İnsan doğasının kötü olduğu tezini savunan üç filozof: Machiavelli, Schopenhauer ve Sade

Machiavelli, Schopenhauer ve Sade; insan doğasının kötü olduğuna dair tezler ortaya atmışlardır. Tabii, Sade ve Schopenhauer, eserlerinde Machiavelli'ye sürekli atıf yaparlar. Fakat bu atıf, rasyonel ve düşünsel temellendirmeler için oldukça önemlidir.
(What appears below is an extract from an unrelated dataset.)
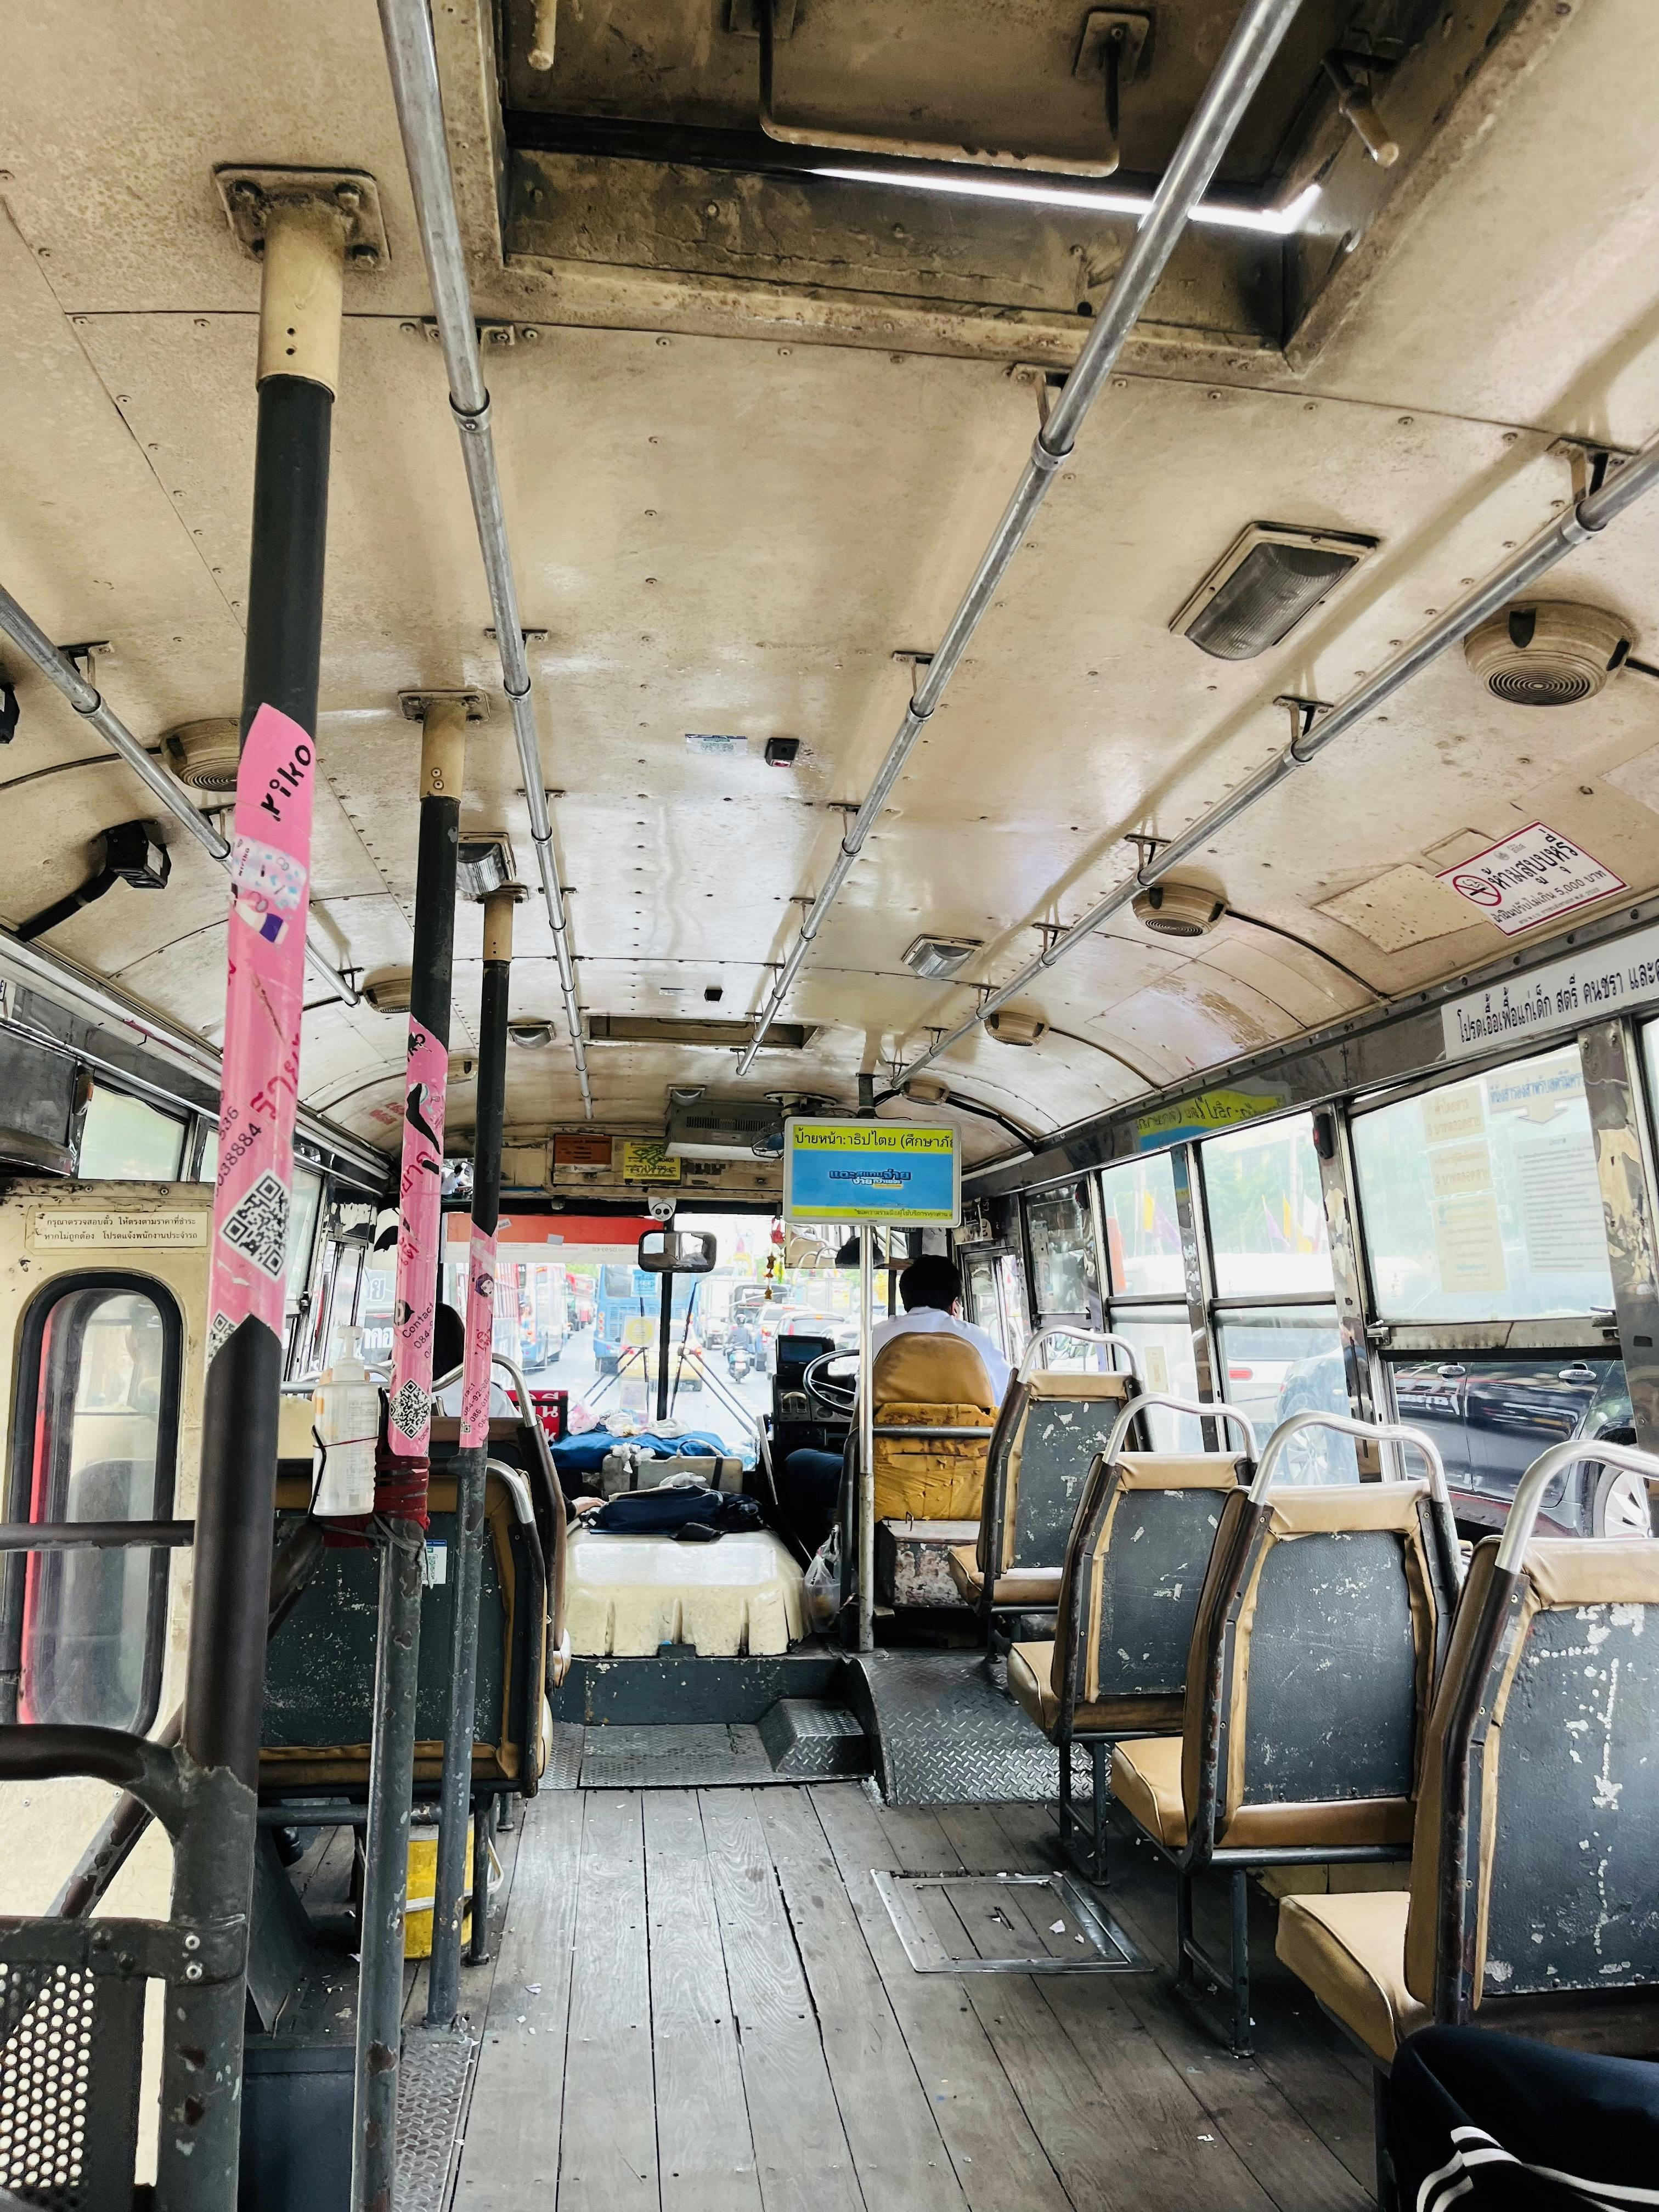 A regular bus in Bangkok

Machiavelli, "Hükümdar" adlı eserinde bir hükümdarın iktidarını nasıl sağlamlaştıracağı üzerine stratejiler ortaya atar. Bununla birlikte, insan tabiatının güvenilmez, bencil ve kötü oluşuna da vurgular yapılır. Bunu salt hükümdar için değil, iktidar hırsıyla yanıp tutuşan insanları gözlemleyerek de fark edebiliriz.


Schopenhauer, "Ahlâk Üzerine" yazdığı denemede insanın kötücül bir varlık olduğunu, acı çeken birinin acılarından zevk aldığını dile getirir. Bununla beraber, Kant'ın "Görev Ahlâkı"na karşı çıkarak, ahlâk kuramını "Merhamet" nosyonuyla temellendirir. Ona göre insanın karanlık tarafı ağır basmaktadır. Dizginlenmeleri için monarşi ile yönetilmelidirler. Çünkü Schopenhauer, insanlarda monarşik içgüdünün varolduğunu, bunun sebebini ise hükümdarın peşinden sürü gibi gitmeleriyle izah eder.


Sade; "Justine, Juliette ve Yatak Odasında Felsefe" gibi erotik yapıtlarında sadizmi, mazoşizmi, hazzı ve şehveti ön plana çıkarmış; monoteist dinleri, toplumsal normları, gelenek görenekleri ve ideolojileri cesur bir şekilde eleştirmiştir. Geniş bir imgelemi olan Sade, eserlerinde filozof üslubu kullanır, bu yüzden ona sadizmin filozofu demekte beis yoktur. O da insan doğasının kötü, bencil, güvenilmez ve sadist olduğuna dair uslamlamalarda bulunur. Yarattığı karakterlerin empati yoksunu, salt kendi alacağı hazzı düşünen özneler olması boşuna değildir. Machiavelli'ye yaptığı atıflarda bile bunu rahatlıkla anlayabiliriz.